* **Dataset excerpt**:
= = = = =
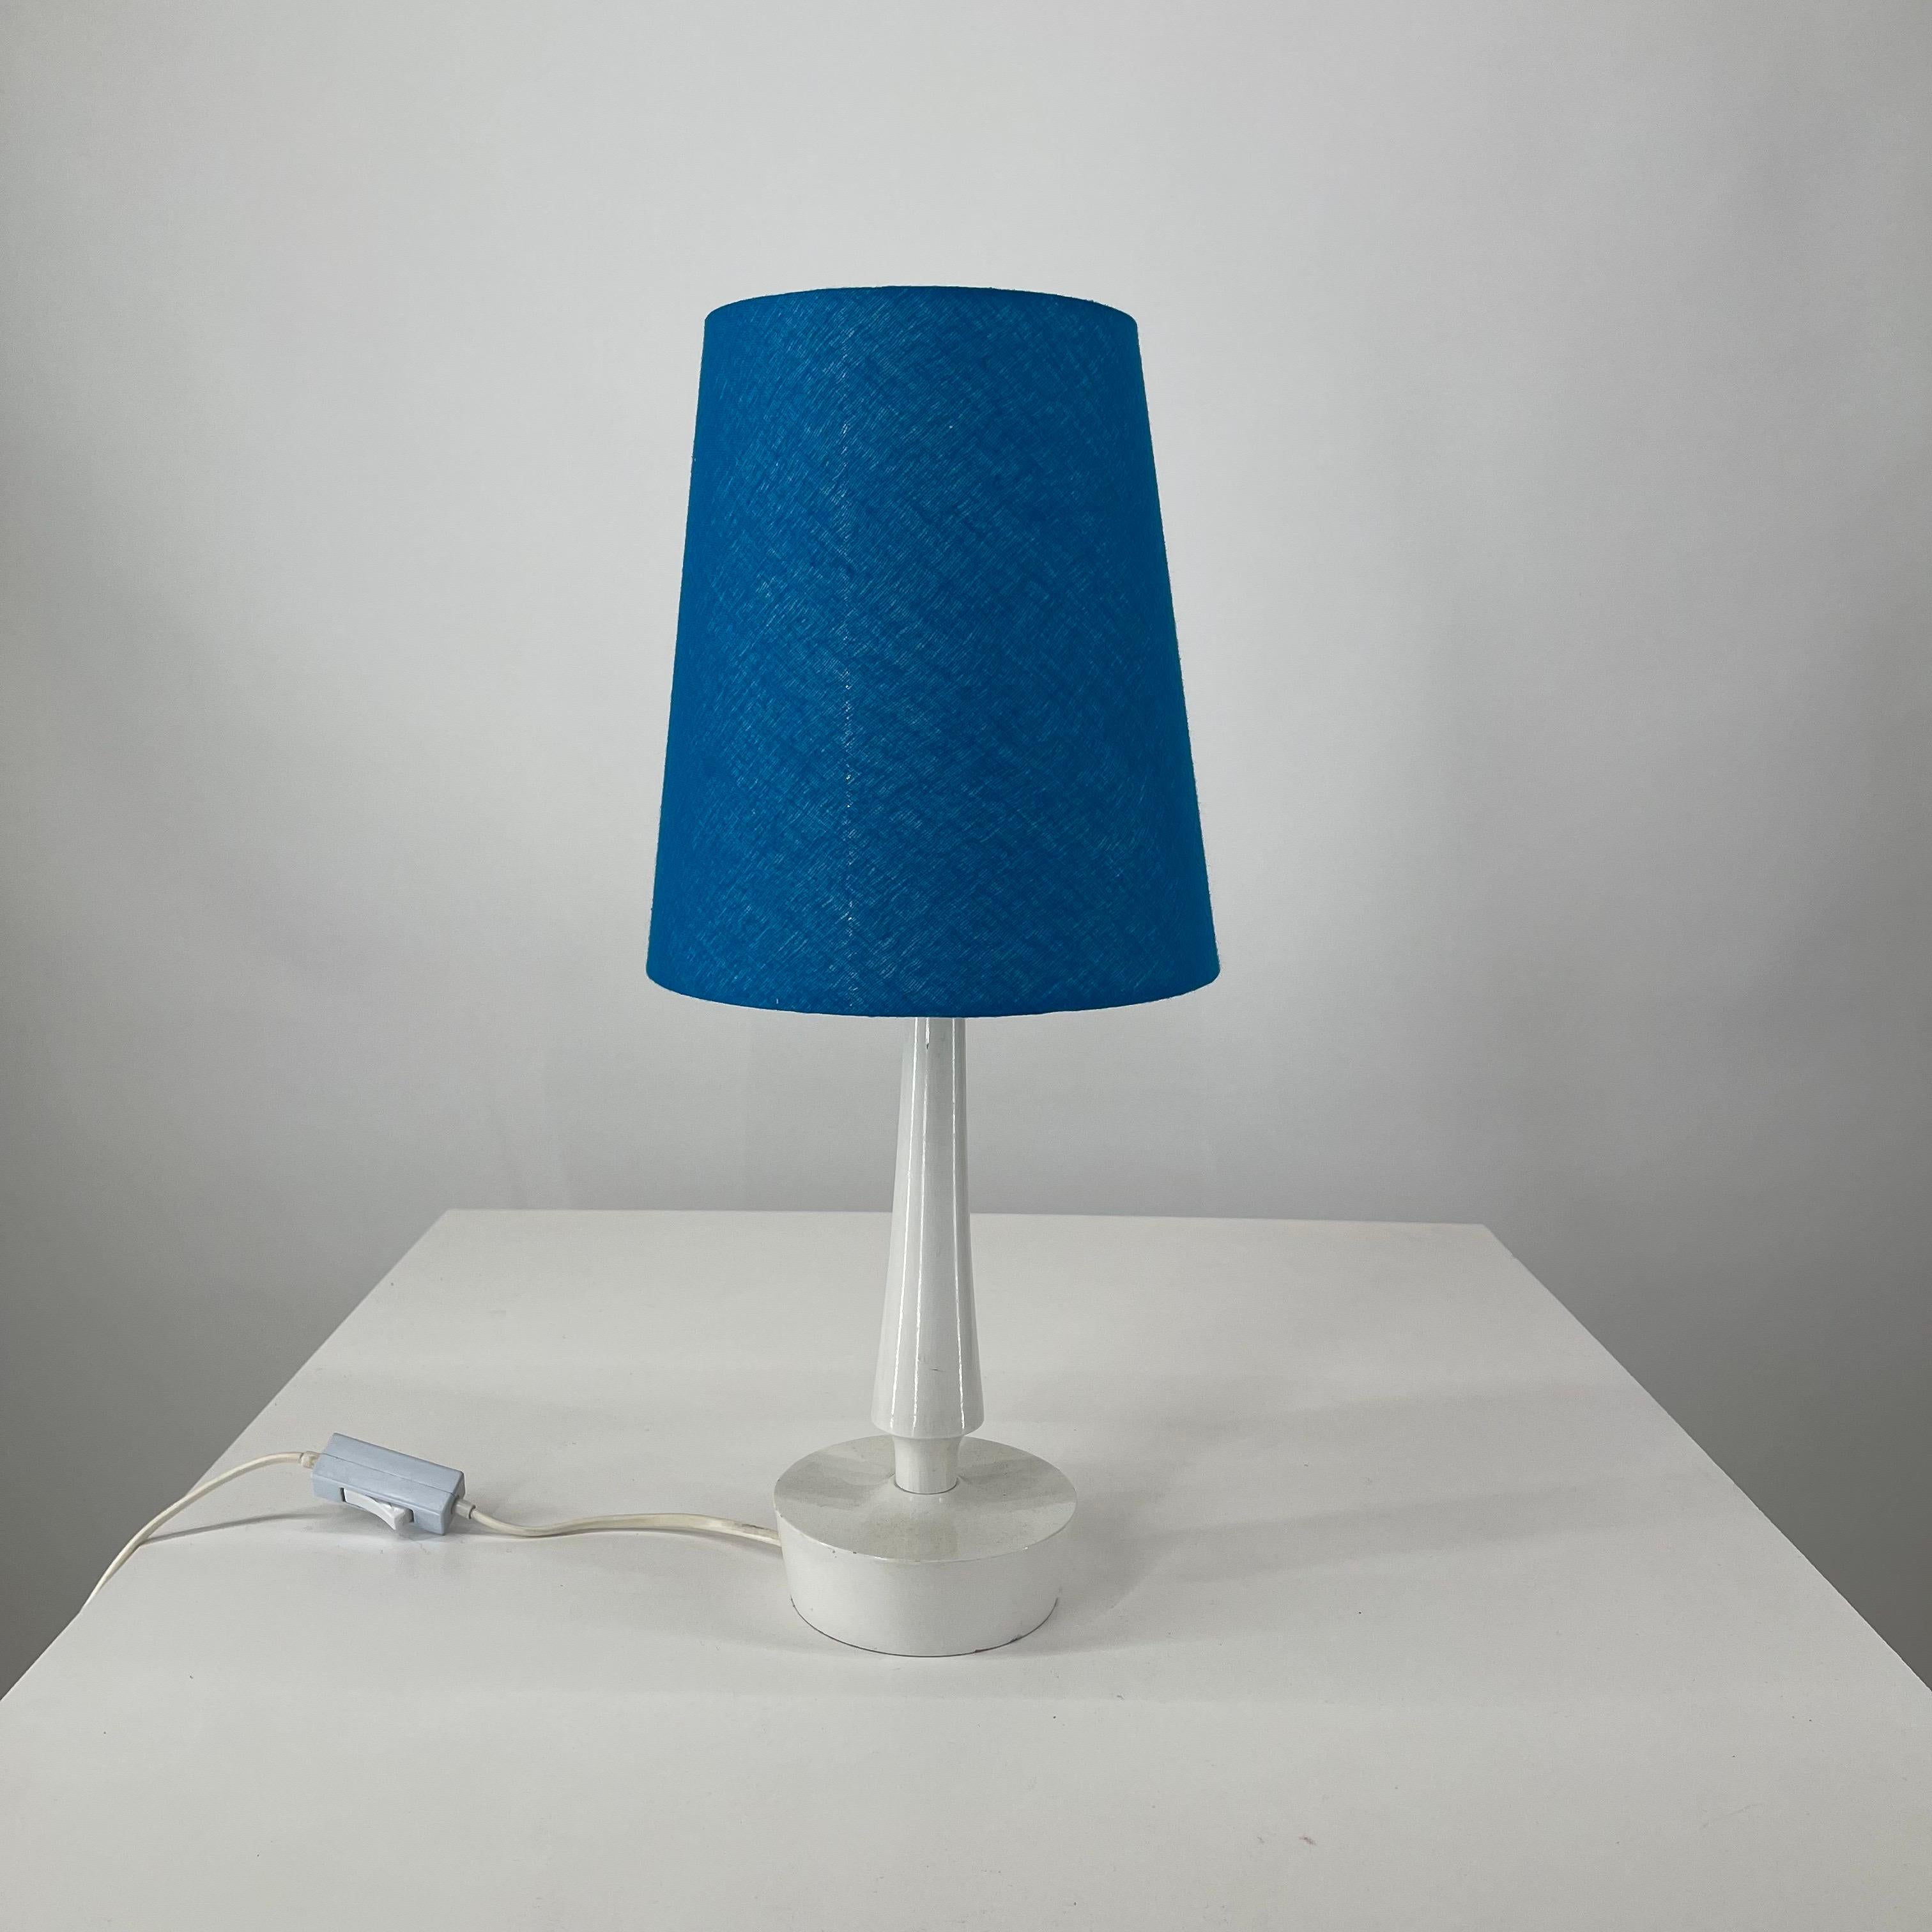 Scandinavian modern elegant minimal table light, Sweden 1960s.
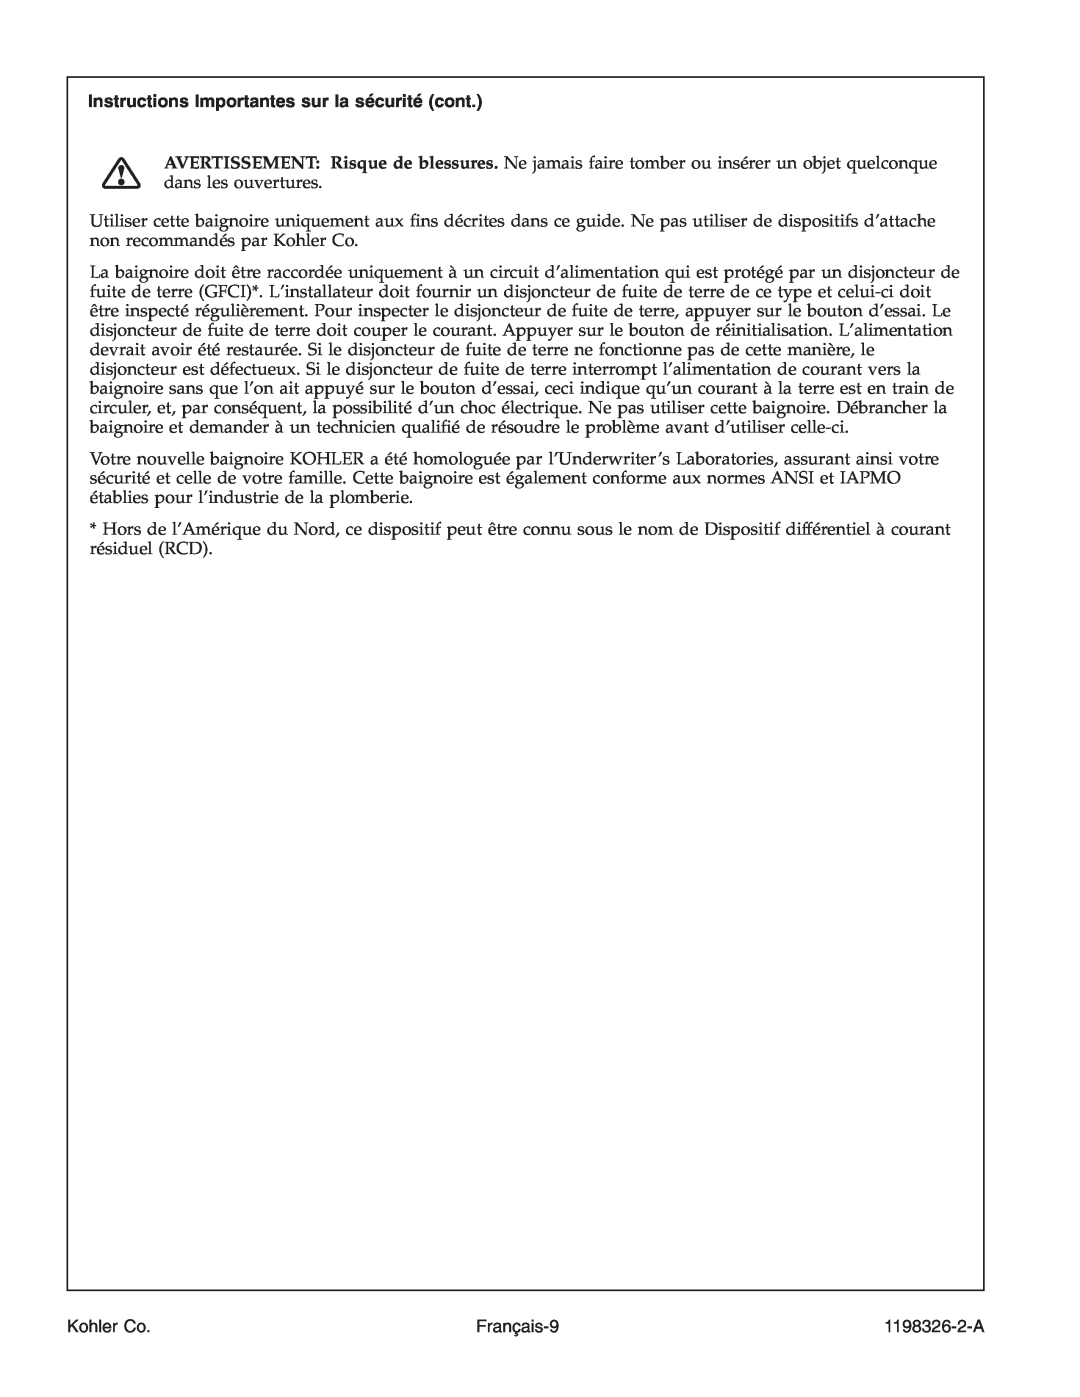 Kohler 1198326-2-A manual Instructions Importantes sur la sécurité cont, Français-9, Kohler Co 
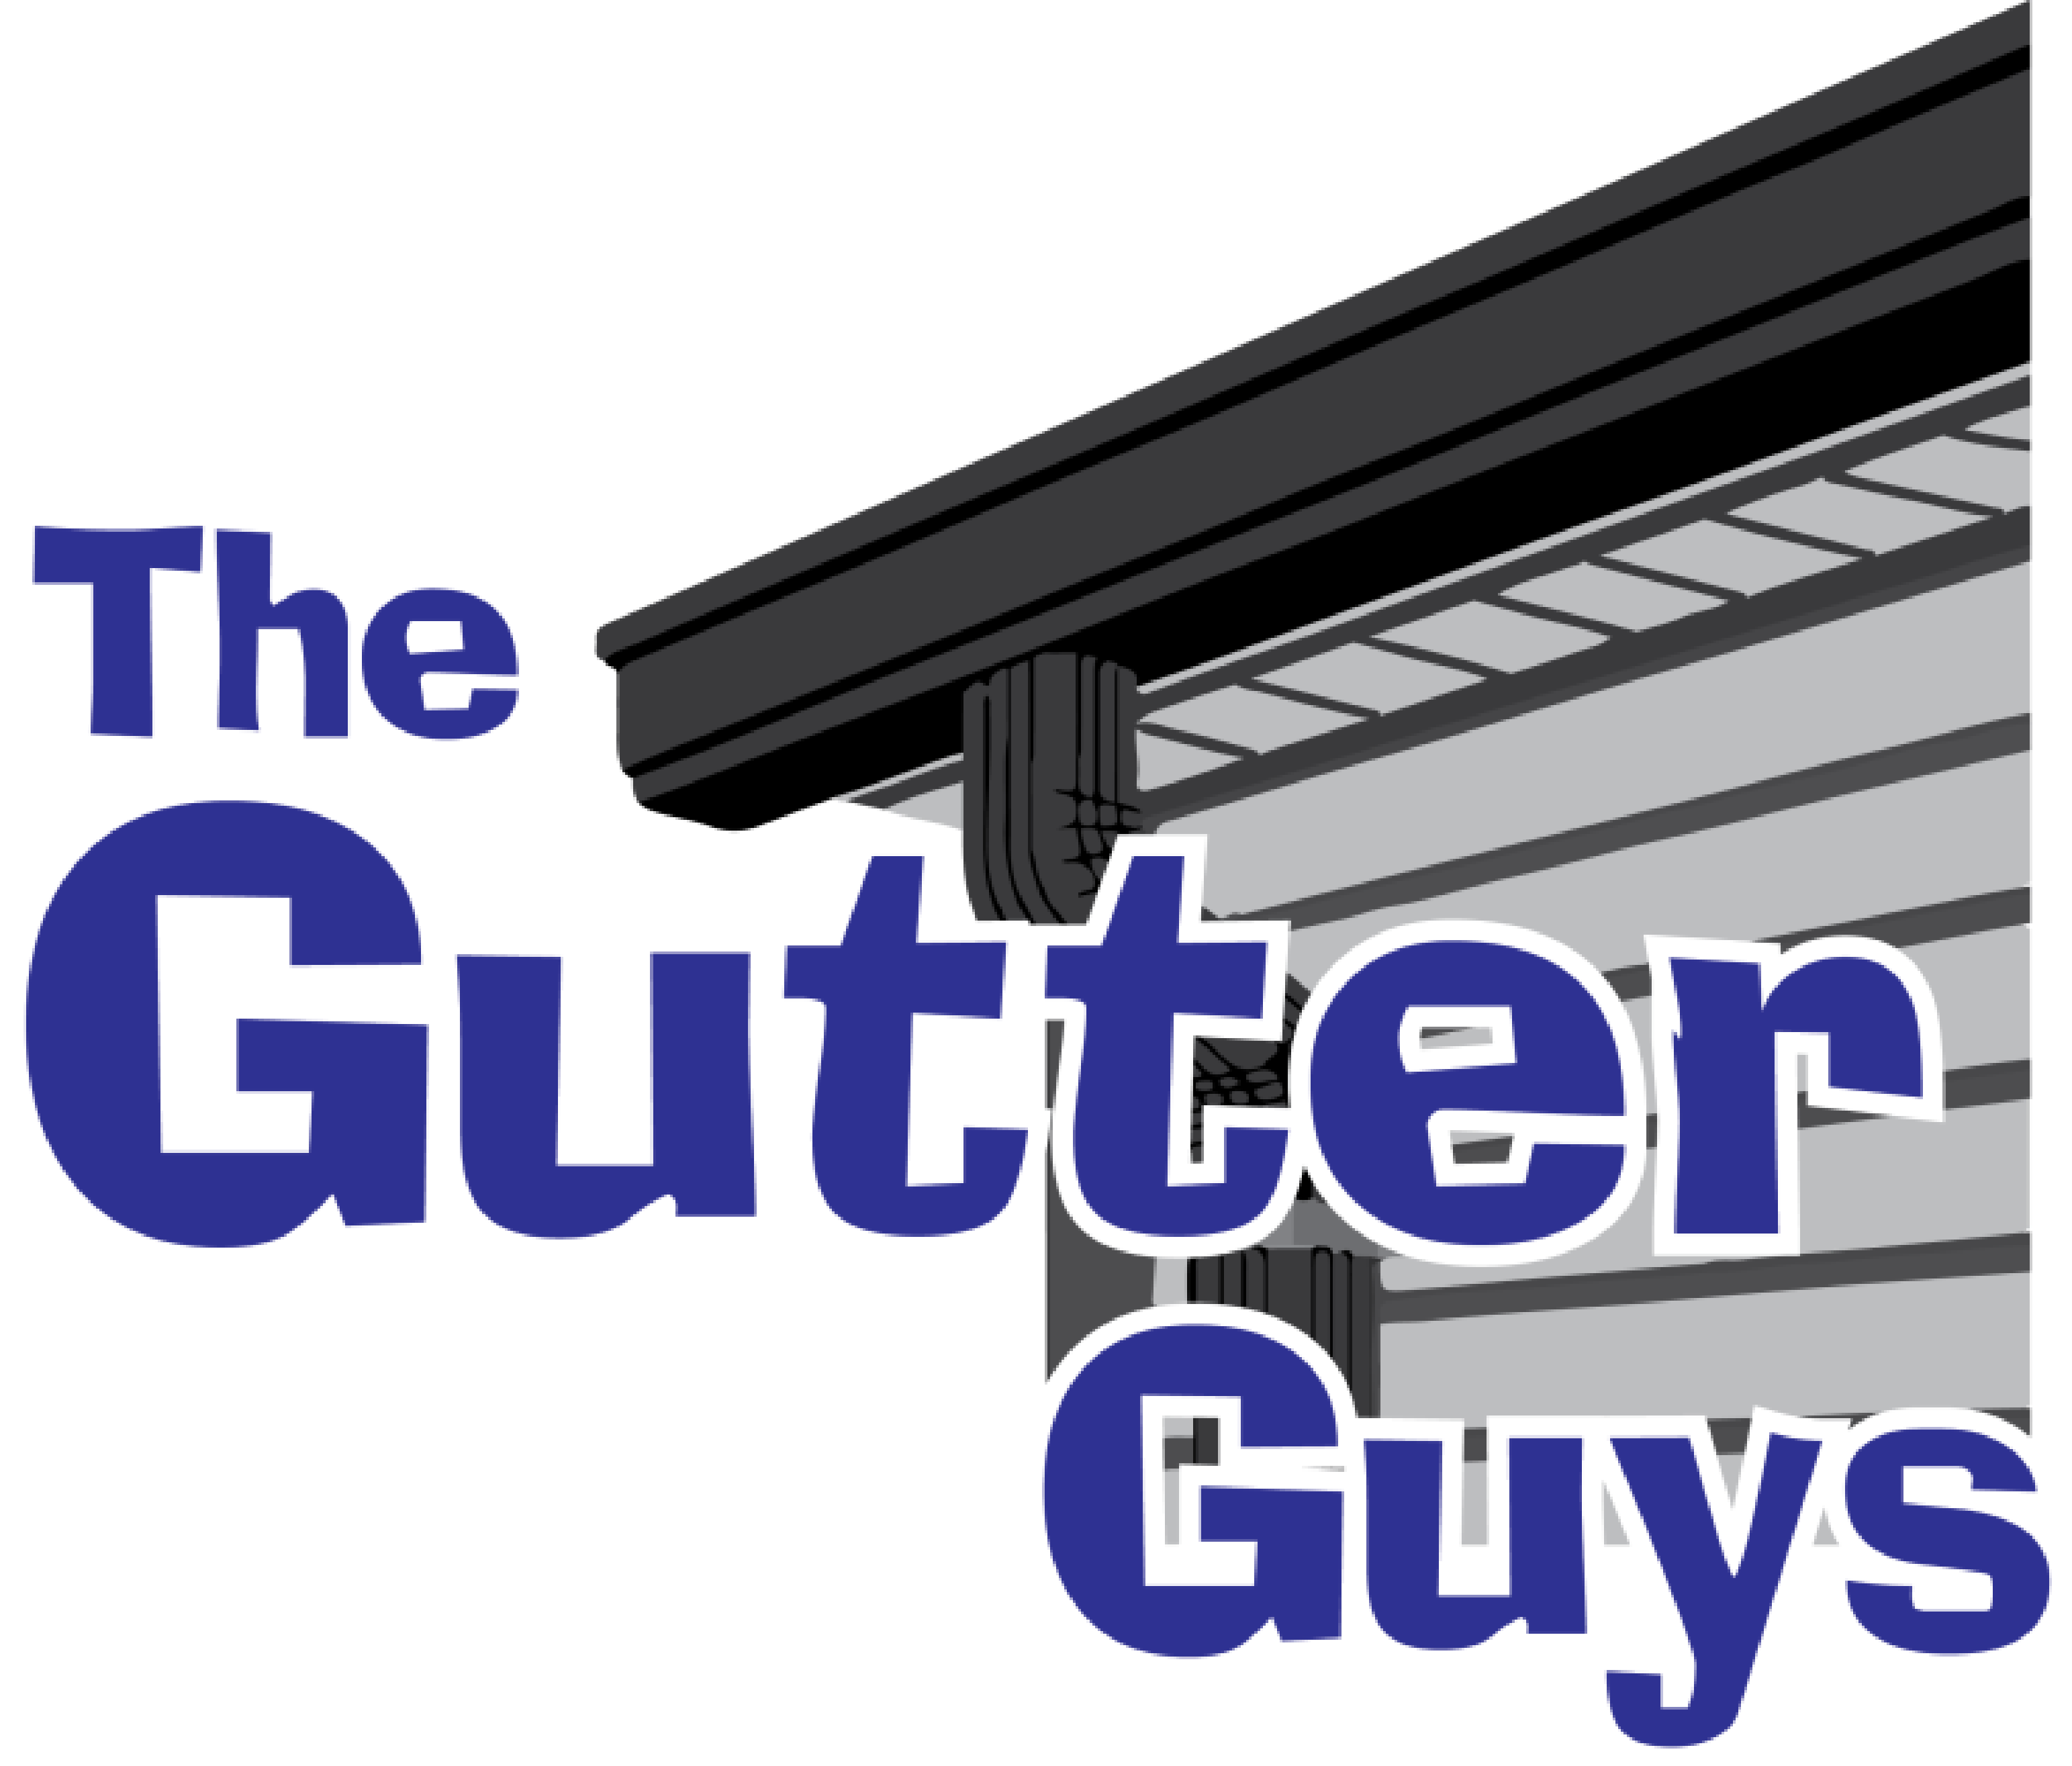 The Gutter Guys logo
= = = = =
* **Prompt**:
Recreate the listing above word for word, dropping each picture it contains.

* **Output below**:
 Scandinavian modern elegant minimal table light, Sweden 1960s.
 Kohler 1198326-2-A manual Instructions Importantes sur la sécurité cont, Français-9, Kohler Co 
 The Gutter Guys logo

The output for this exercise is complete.